Deadly Women Volume 12


20 classic true crime cases of women who kill, including;

Brittany Norwood
: Two women are savagely attacked in an apparent robbery at their workplace. One of them is dead. The other knows more than she’s saying.

Penny Boudreau: Penny was having a problem with her boisterous pre-teen daughter. Her solution was simple. Obey me or die.

Angela Murray: A high class hooker and an elderly Holocaust survivor are the key players in this squalid tale of lust and greed and murder.

Robin O’Neill: A perpetually irritable divorcee softens her stance when love enters her life.
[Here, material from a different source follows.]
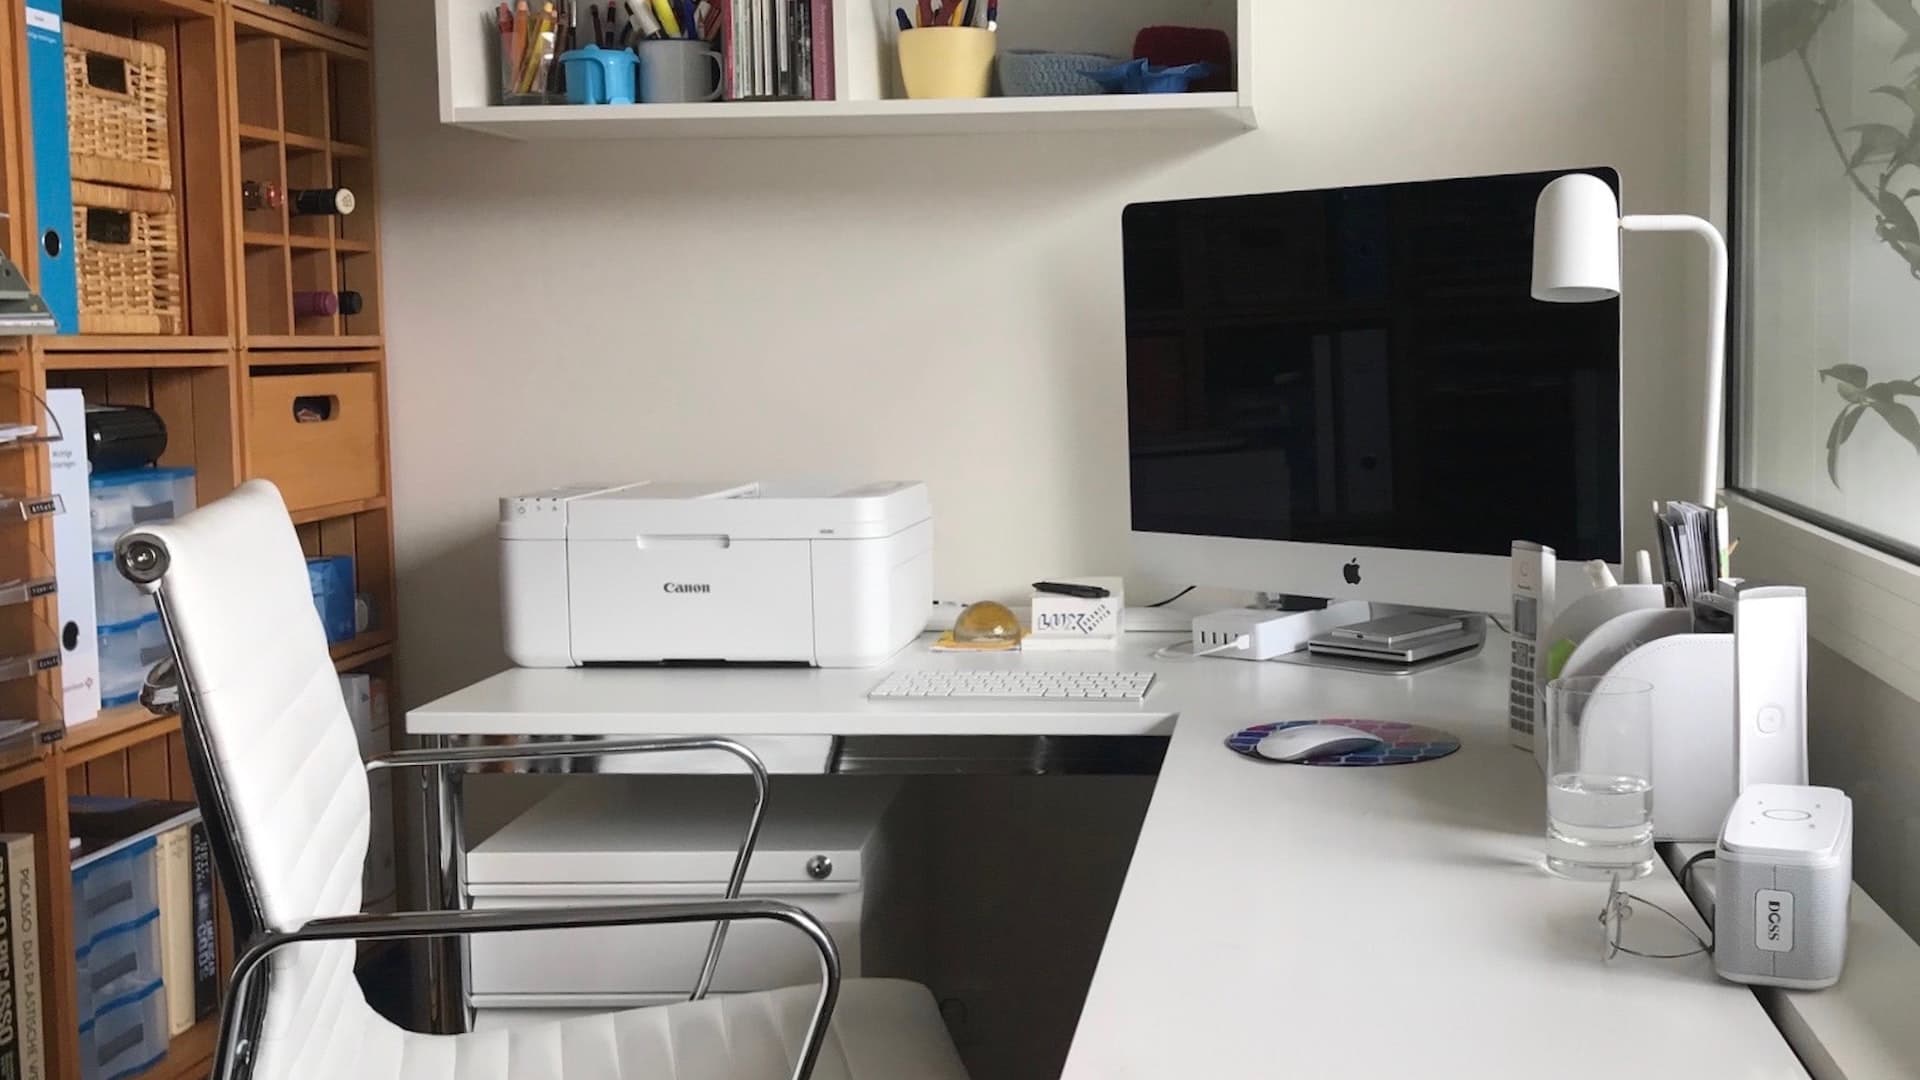 iMac and printer kept on a table

Now that love is gone and her belligerent attitude is back…with a vengeance.

Ineta Dzinguviene: Ineta’s husband had made it clear that he did not want another child. That put the devoted mother of three in a spot. She was pregnant.

Brookey Lee West: A foul stench seeped out from the storage unit, causing the manager to call the cops. What they found inside was beyond horrific.

Michelle Burgess: First she seduced her husband’s boss. Then she set her sights on becoming his wife. Their respective spouses were in the way. Michelle had a plan for that.

Jennifer Hyatte: Prison nurse Jennifer has fallen for one of the inmates. She has a plan to bust him out. There may be shooting involved.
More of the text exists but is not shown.